Father’s Day hasn’t been celebrated the same for me since 2008, when my own Dad died.
Now, instead of buying him something he really didn’t need or want, but would graciously smile at and thank me for anyway, I reflect on the 42 years I had him.
I think he would think that was an even better gift, and no returns are necessary.
It’s a paradigm shift to go from celebrating to reflecting, and while it’s not my preferred way to spend Father’s Day it is an unwavering fact of life.
In this reflection, I’ve learned to appreciate what he brought to the table more than I did before, both literally and figuratively.
To honor my father, I now celebrate a couple of special men in my life whom I revere and are also fathers – my husband and son-in-law.

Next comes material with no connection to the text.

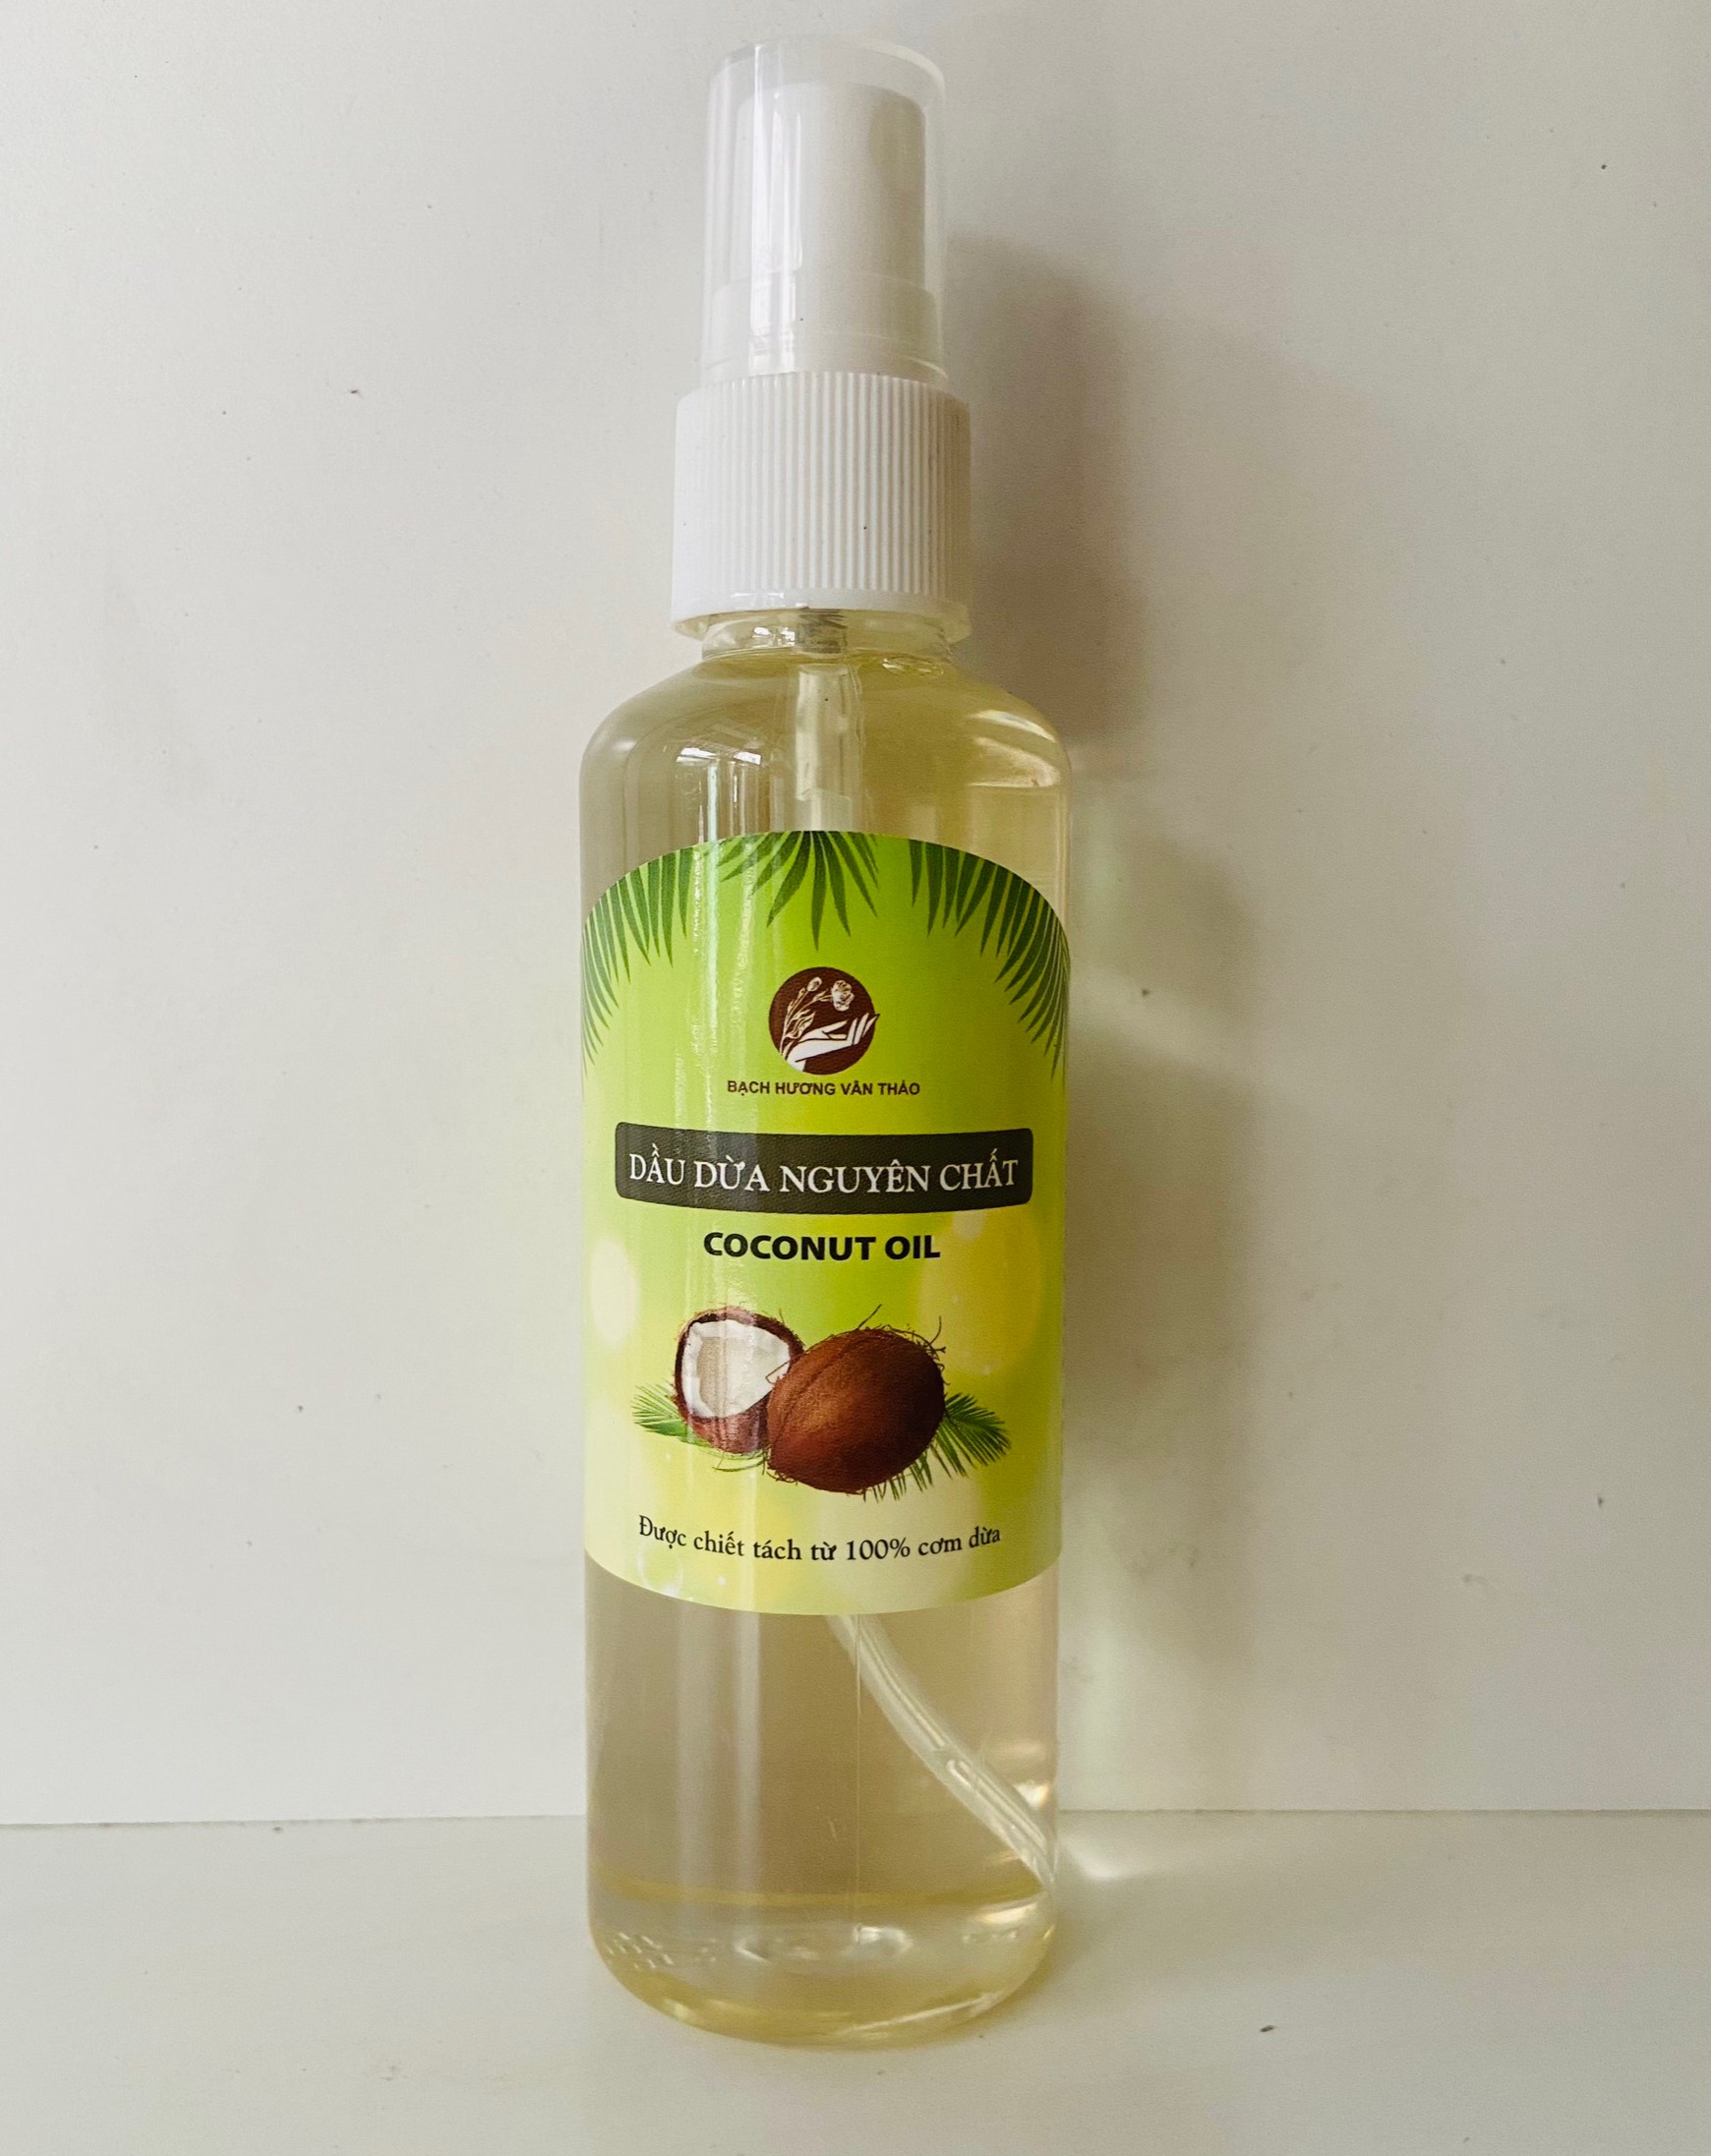 Dầu dừa nguyên chất , original Coconut oil , dầu nền mỹ phẩm, làm xà phòng, handmade soap , dưỡng mi dài, dầu massage, dưỡng da, nguyên liệu mỹ phẩm, BẠCH HƯƠNG VÂN THẢO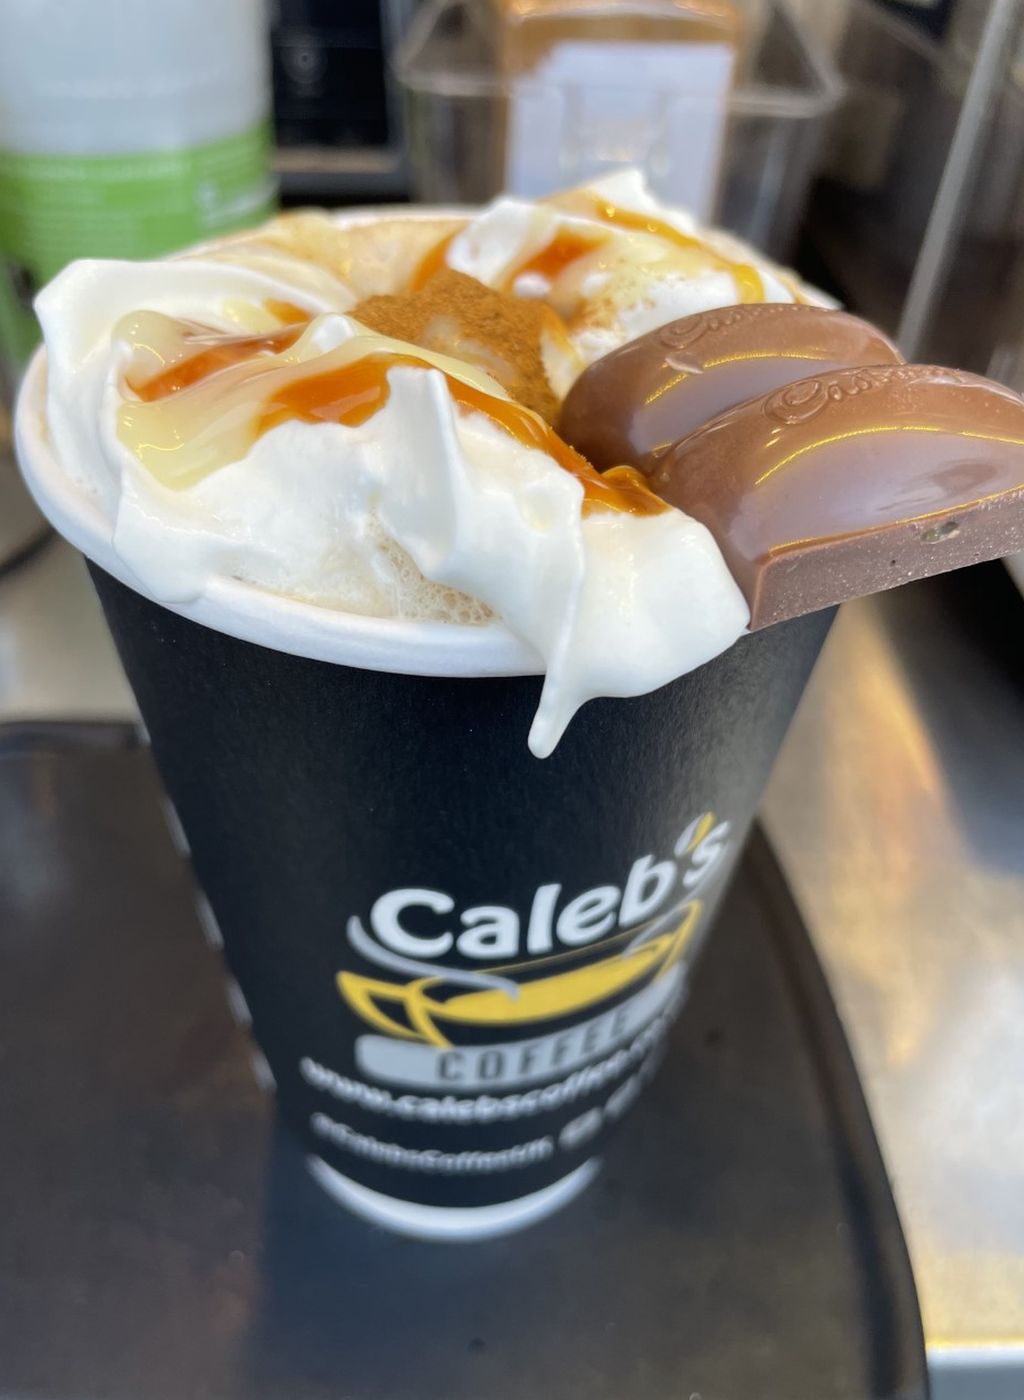 Caleb's coffee with chocolate

I spent the past week in South Carolina with my daughter, her husband and son and got to witness first-hand what modern parenting looks like in their natural habitat.
My heart is happy to report that my son-in-law, Branden, is everything I could ever ask for as a husband for my daughter and a loving, patient Dad for the little man he and my daughter brought into this world.
His unabashed love for his son, his patience, willingness to be an all-hands-on-deck kind of man are the kinds of things worth acknowledging and celebrating.
As a mother and grandmother, the blessing of him in our lives is a gift in itself.
Then, there’s my husband. Like many families are now constructed, Bobby is not the biological father of my two children. But it would be difficult to tell that from looking.
I am one of the luckiest people I know to have a husband who takes my kids as an extension of myself and loves them fiercely, and genuinely.
My Dad would be proud, he would smile and consider it his gift, too.
Happy Father’s Day to all the dads – biological and step, granddads and special uncles. Celebrate those who are still here, doing their work to love the next generation; and reflect on those who made us who we are.